Using a custom certificate authority

Background Info

When deploying a kops based Kubernetes cluster, kops will generate a certificate authority keypair for signing various certificates with. In some cases, you may want to provide your own CA keypair.

Another use case would be to use the CA keypair of another cluster if you are creating many short lived clusters and don’t want to create a unique CA for each one.

Building a cluster with a custom CA

The following procedure will allow you to override the CA when creating a cluster.
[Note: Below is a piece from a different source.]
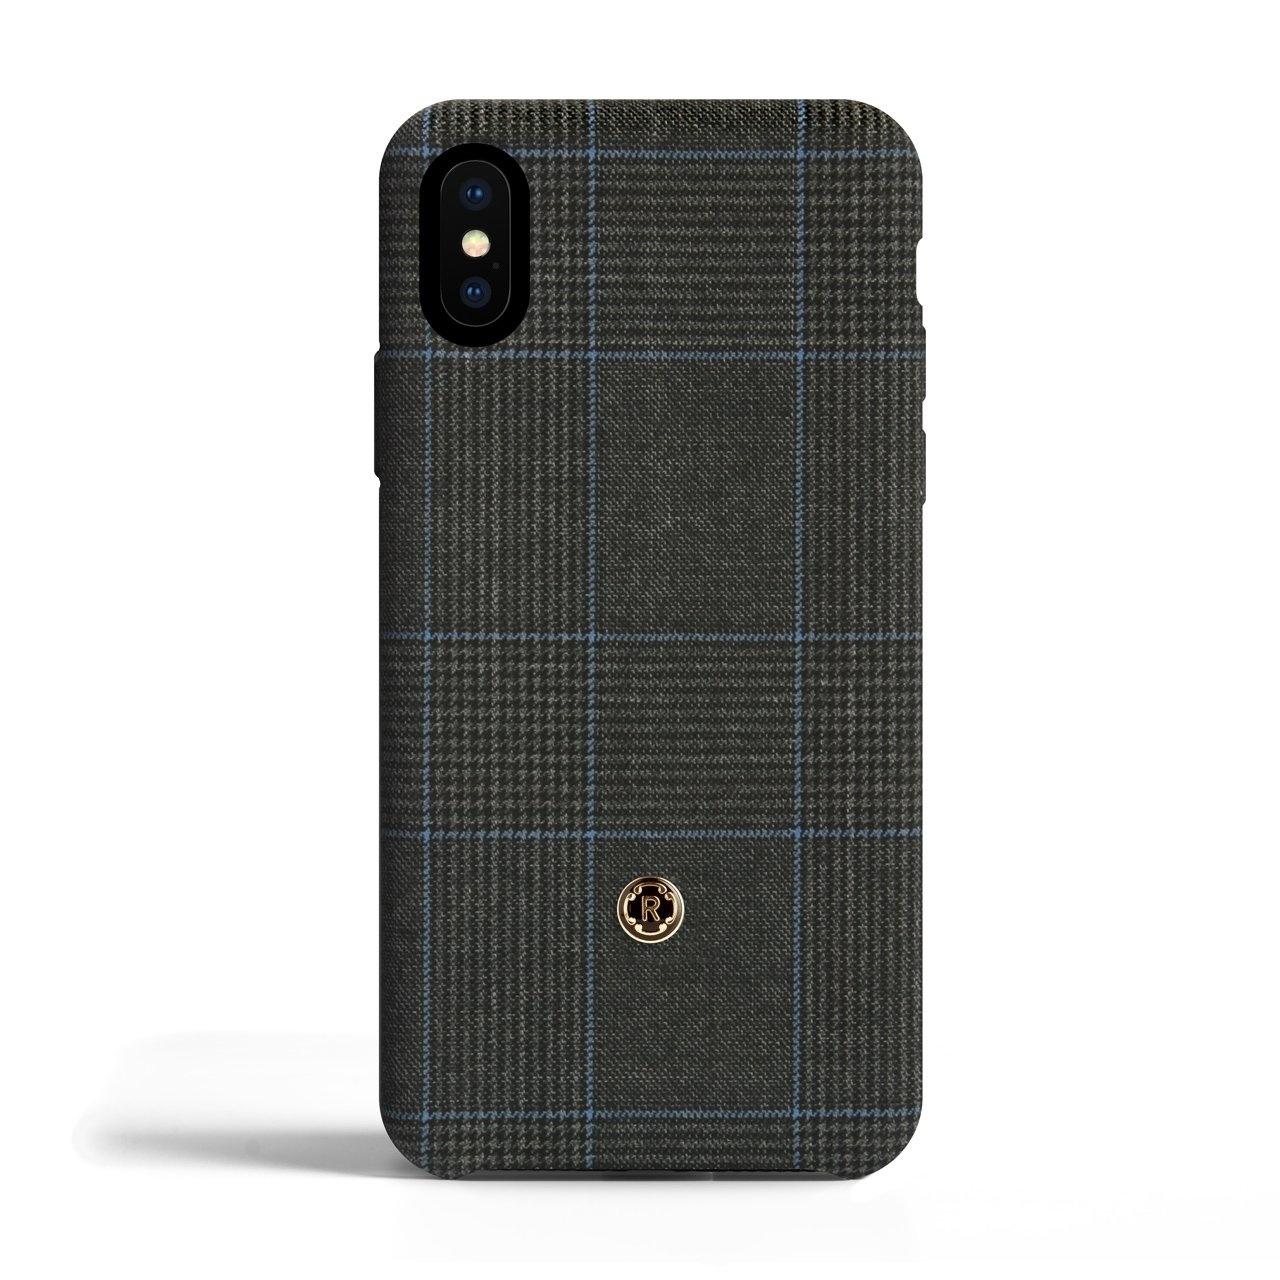 iPhone X / Xs Case - Prince of Wales Capri

For the sake of this example, you have two files ca.crt and ca.key.

cluster-name.com should be the cluster name you put in the cluster.yaml

  1. kops create -f cluster.yaml
  2. kops create secret ca --primary --cert ca.crt --key ca.key --name cluster-name.com
  3. kops update cluster --yes
  1. First we create the cluster folder structure in the statestore.
  2. Second, we create a Secret of type Keypair with the name ca and provide our own values.
  3. Lastly, we run kops update cluster --yes, which will generate all the certificates needed, referencing the Secret called ca we just defined (versus generating its own).

Using a previous kops cluster CA

In some cases you will want to create a cluster and use the CA generated in a previous kops cluster. To do so, you will need to copy the CA files from the state store, and then use them as values in the above procedure.